** PROVIDED DATA **
+ + + +
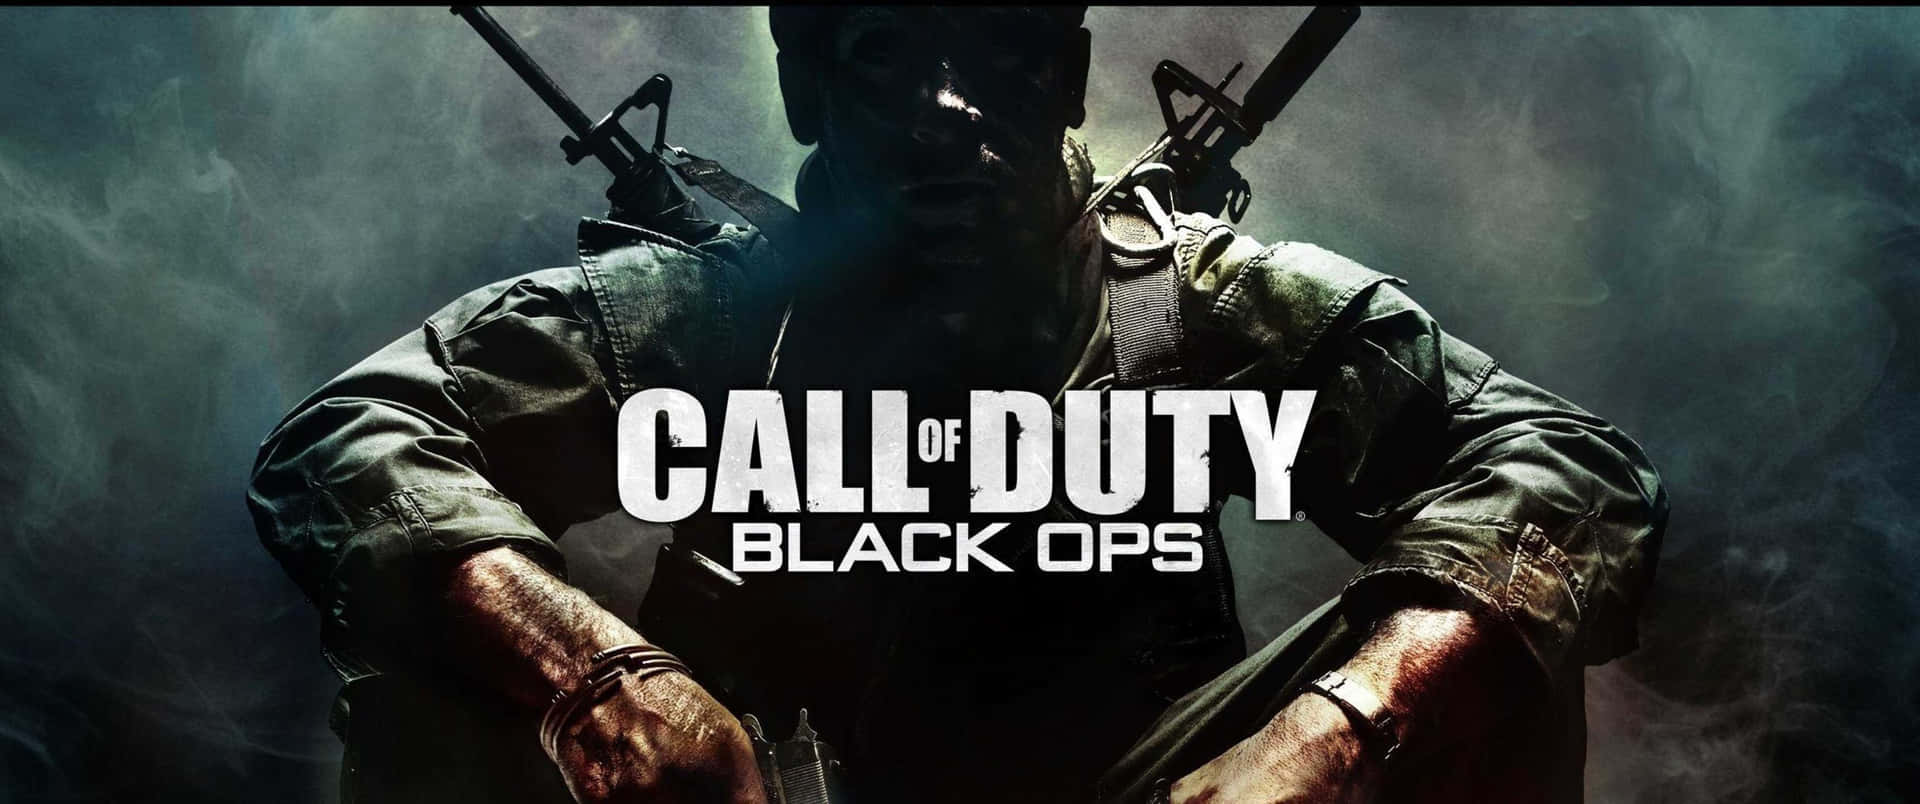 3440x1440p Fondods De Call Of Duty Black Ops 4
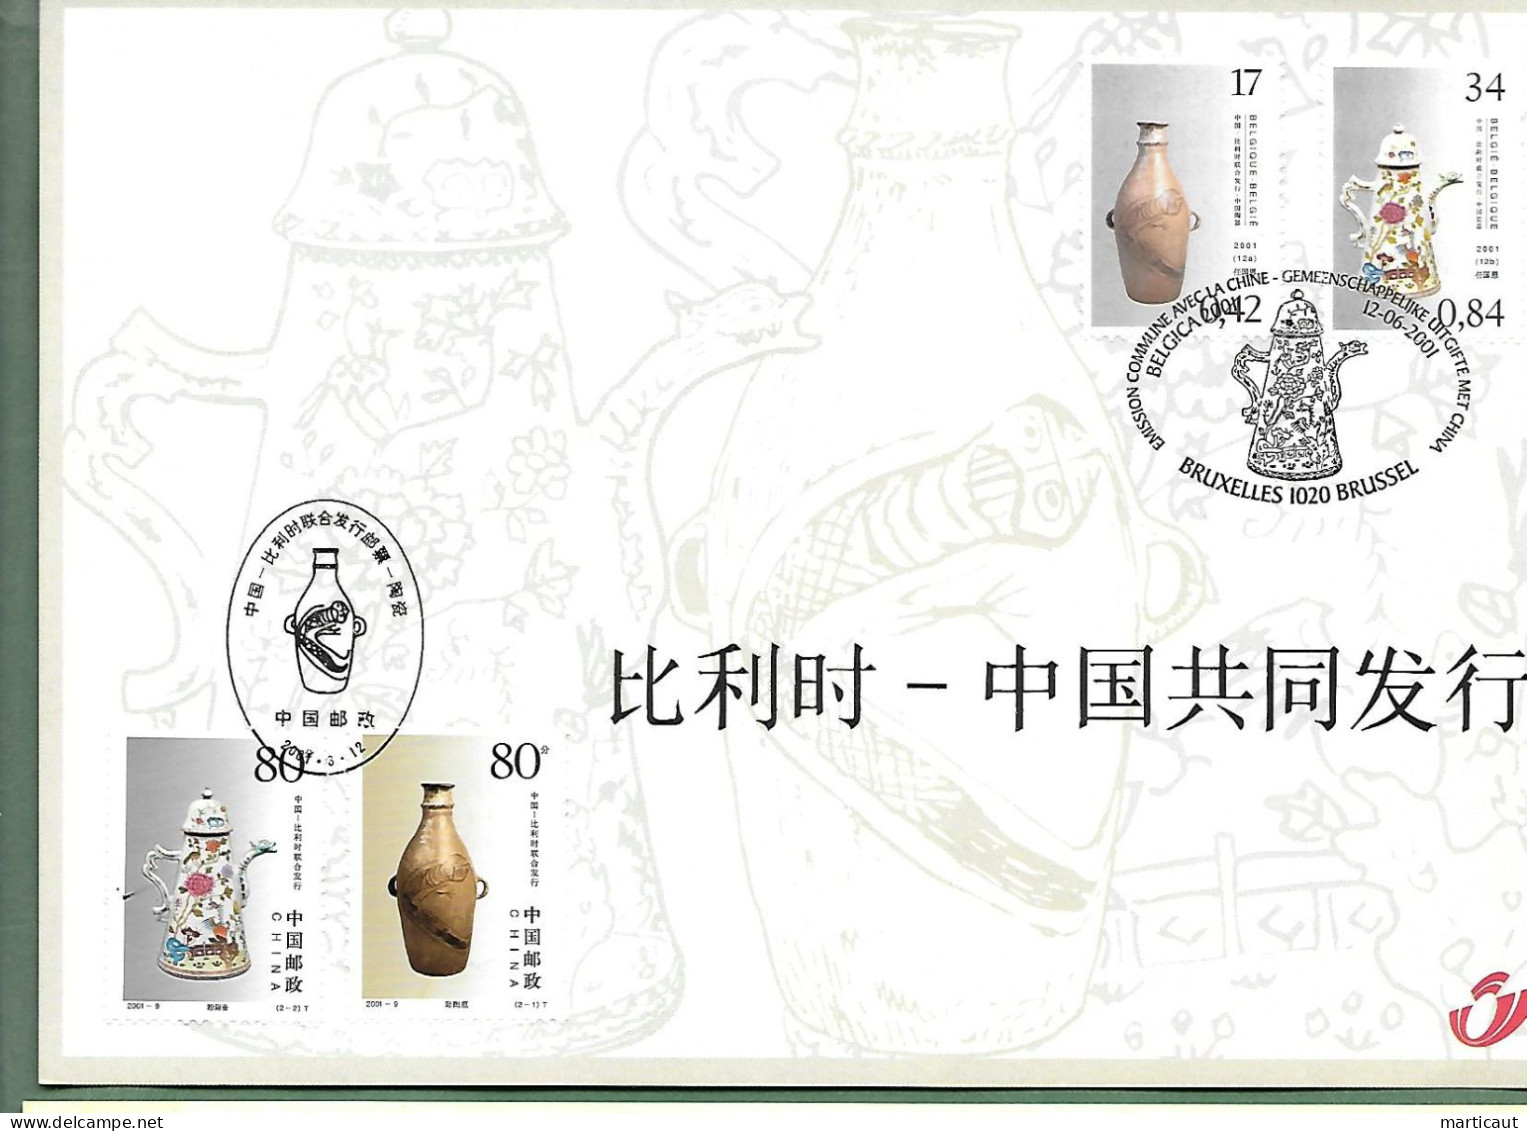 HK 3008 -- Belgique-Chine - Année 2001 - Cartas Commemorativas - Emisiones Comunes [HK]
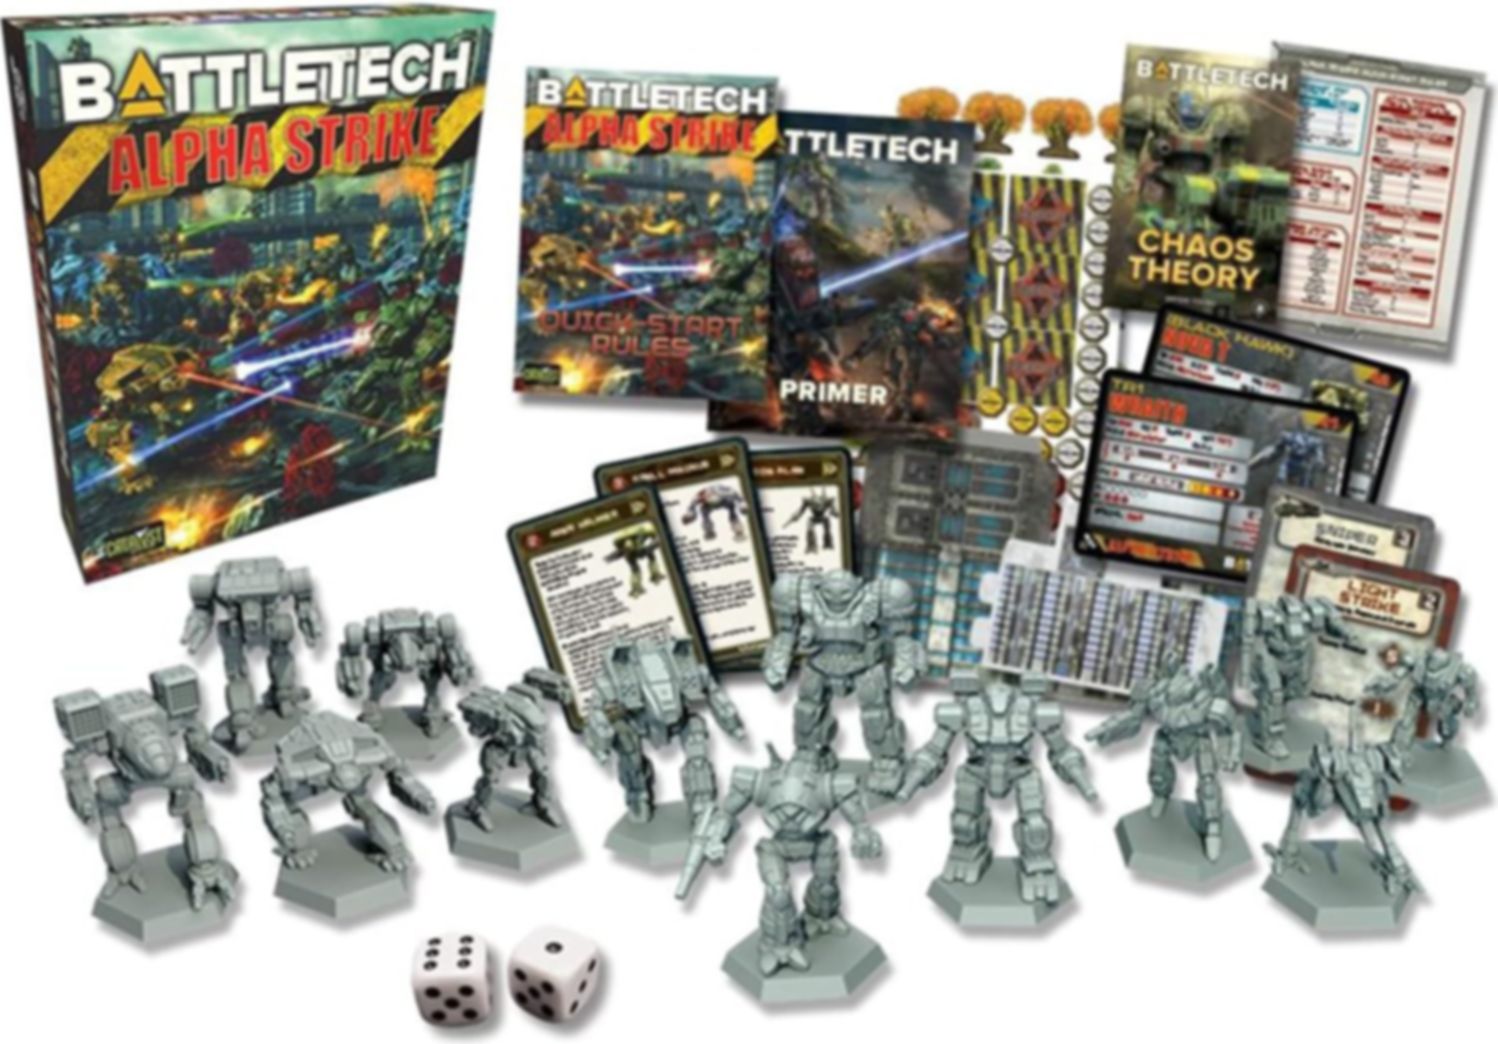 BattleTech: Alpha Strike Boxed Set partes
+ + + +
** WHAT IS EXPECTED **
The job here is to retype the data exactly, with no pictures included.

** ANSWER BOX **
 3440x1440p Fondods De Call Of Duty Black Ops 4
 HK 3008 -- Belgique-Chine - Année 2001 - Cartas Commemorativas - Emisiones Comunes [HK]
 BattleTech: Alpha Strike Boxed Set partes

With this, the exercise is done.